No man I have ever met gives me so startling an impression of solitude as Picasso, in spite of his extraordinary celebrity. Undoubtedly his name arouses echoes of enthusiasm or abuse in the entire universe. No one is indifferent to him. The whole world responds. And yet Picasso appears to me to be the loneliest man on earth. There is no familiar face beside him. His friends seem to have been his friends mainly in order that it might be said that they took part in some unusual adventure of the spirit with him ; that is to say they were only his friends in the legend. Even those who survived this period of conspiracy and alchemy and have continued their careers on their own account, when one thinks of them as they were at that time, appear in the form of phantoms. After having passed this spectral zone, and been illuminated by its mythical glory, they have been reincarnated and have continued to enjoy a warmer and more natural fame. Picasso, on the other hand, has remained in his domain of phantoms. He has remained on the clear altitudes of estrangement.
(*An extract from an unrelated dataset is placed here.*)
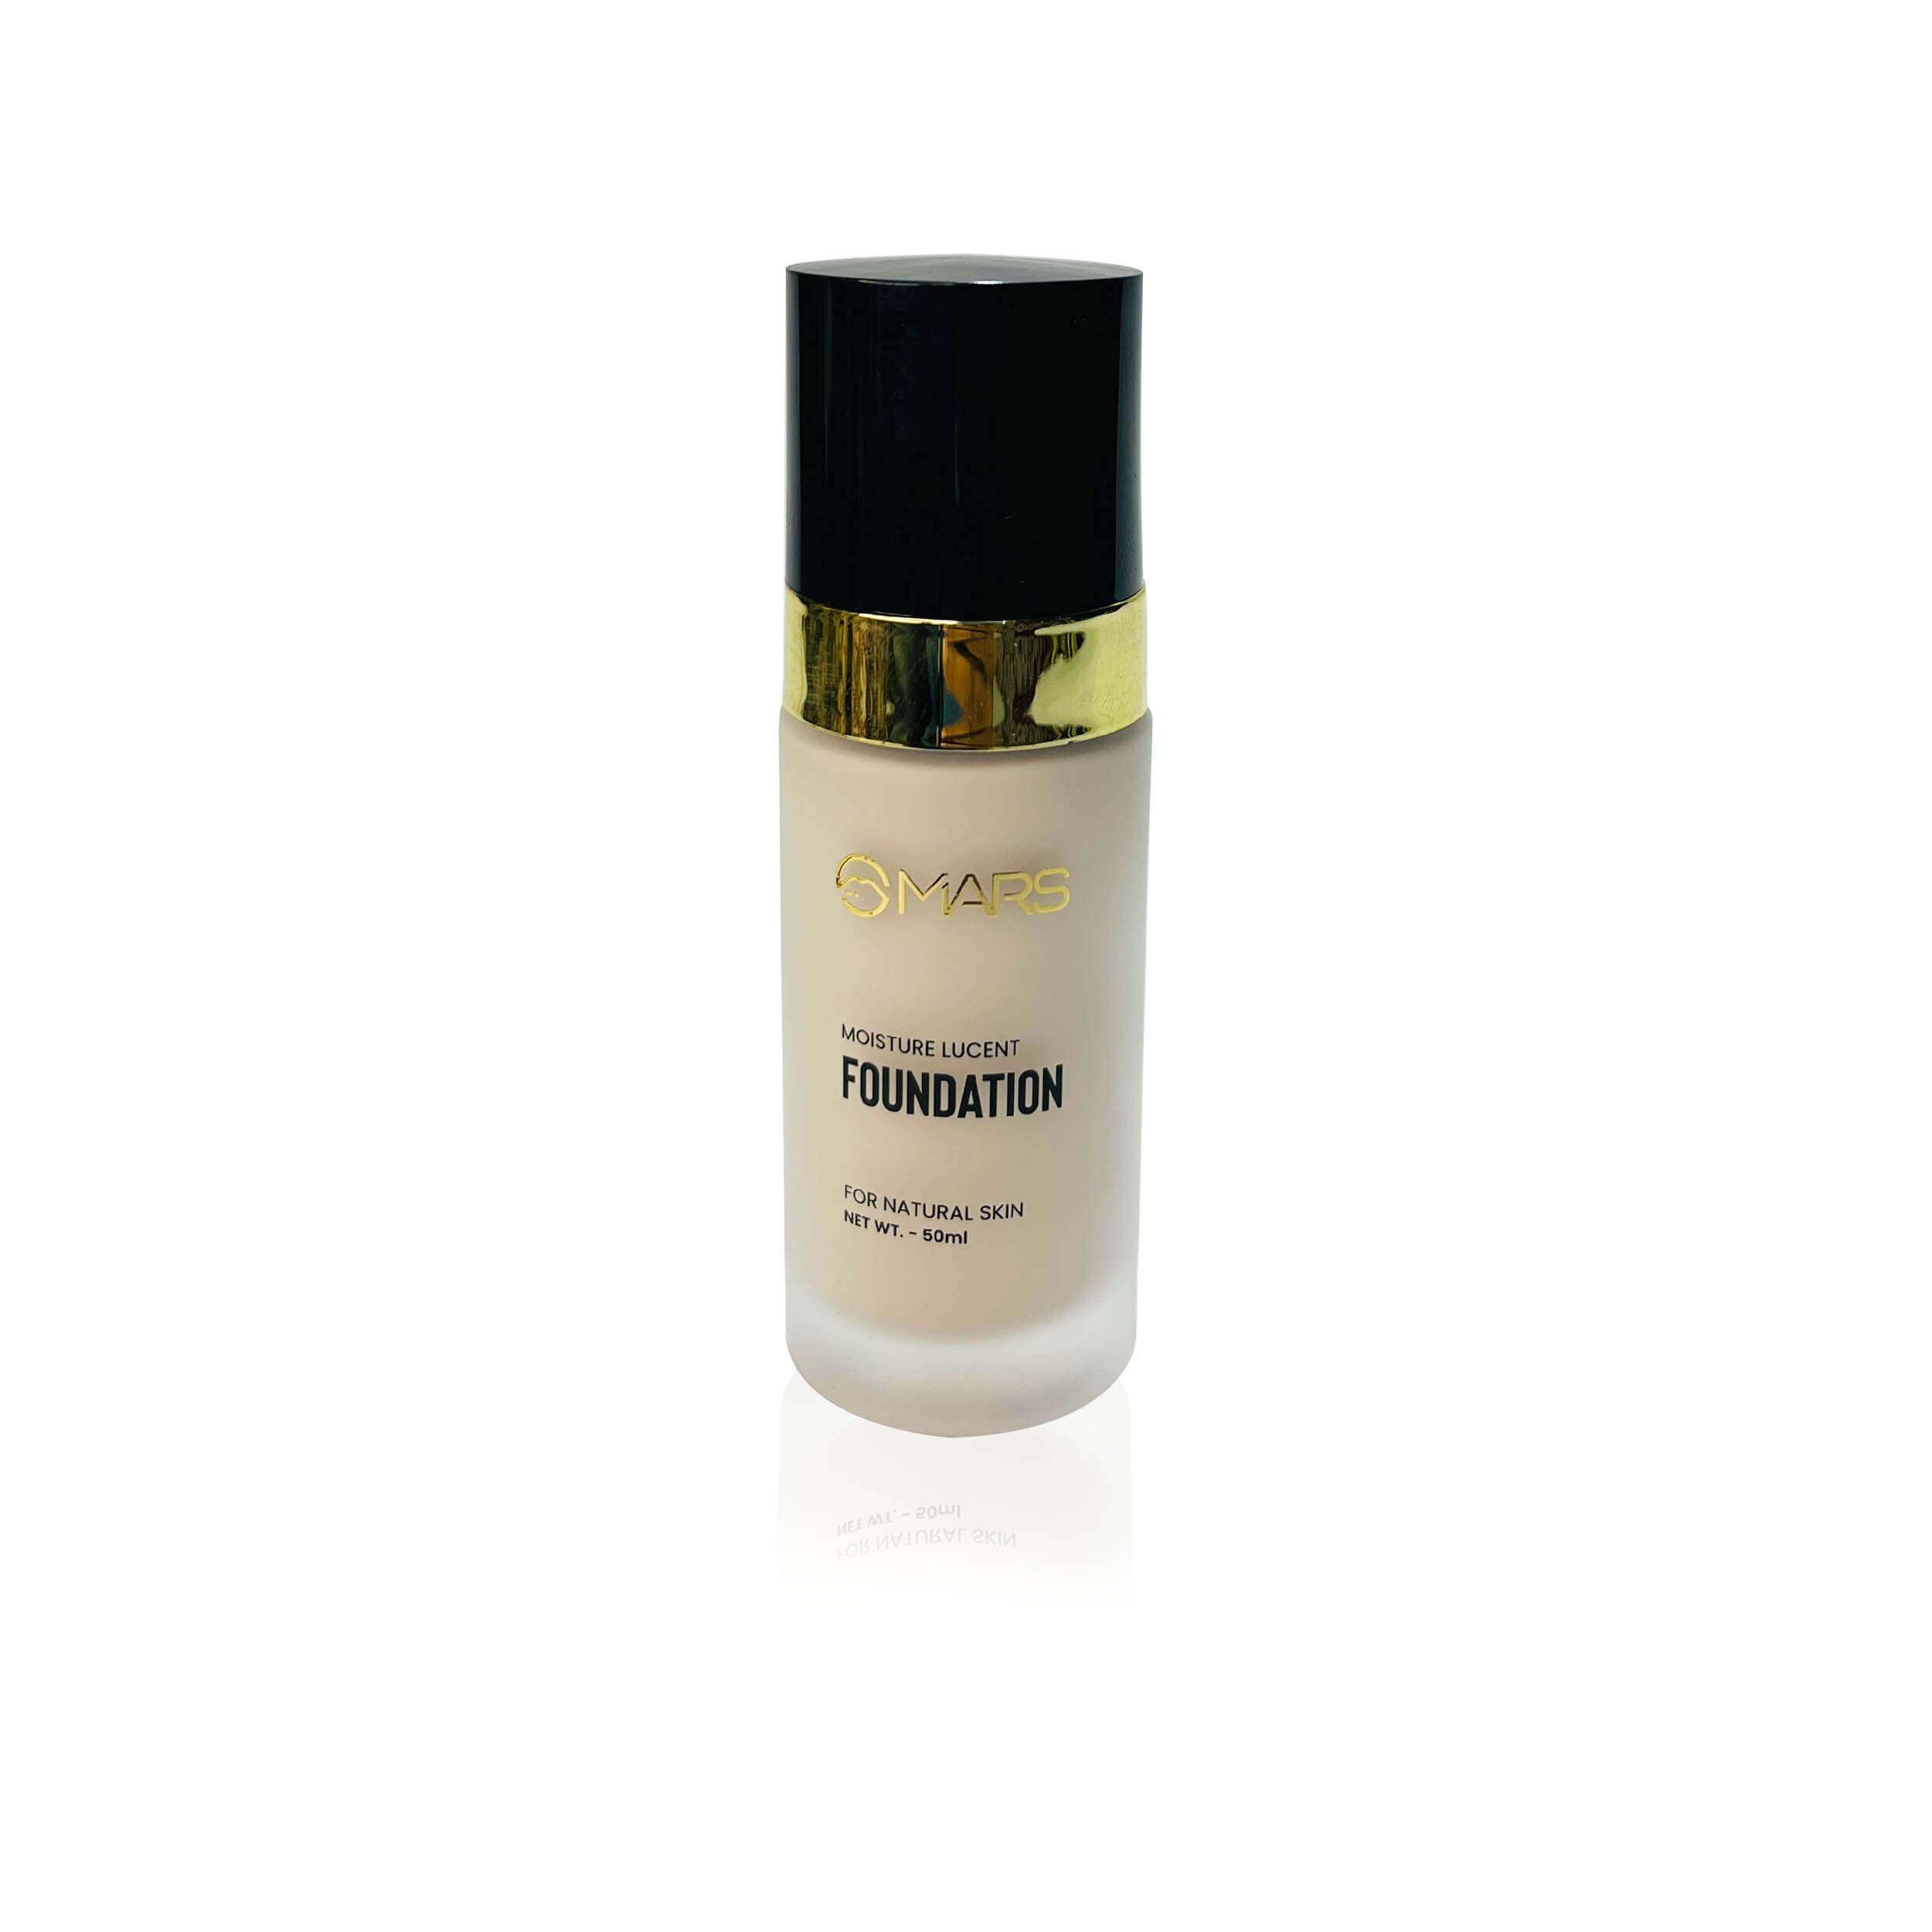 MARS Moisture Lucent Foundation for Natural Skin - Shade 02 Long Lasting 50ml

There is no one like him for creating solitude. It seems the very air of Spain is engulfed with him in his studio. Whenever he establishes himself in a flat in the heart of Paris, it appears that the most ordinary windows and mantlepieces, the plaster of the ceiling, the fire-tongs, the cold lines of the parquet in this house take on some unusual form in accordance with the fetish that his fingers are creating at the moment. When he moves to an upper floor of some old house on the left bank of the Seine he has only to spread an enormous mat and place an old-fashioned sofa there in order to enlarge the space to infinity, conjuring up a landscape full of abrupt disorder and abandonment, almost a desert.
But the most extraordinary of Picasso's solitudes is that of his own work, for he has destroyed at the very moment of their birth, the figures which would have peopled it and might have been his companions. He has rejected the friendship of his creatures to which he might have become accustomed. In this respect his solitude may be compared to that of the poet Gongora. Picasso's spiritual course proceeds from a similar pride, — a stoical and disdainful shrug of the shoulders, rejecting everything that is only of passing value. The subject of a poem is but of passing value to the poet, it cannot remain in his life and in his thought, since it consists of the thread of ordinary people's lives, who are so weak as to need this constant company. It is enough for the poet to retain nothing but the gesture by which he has divested himself.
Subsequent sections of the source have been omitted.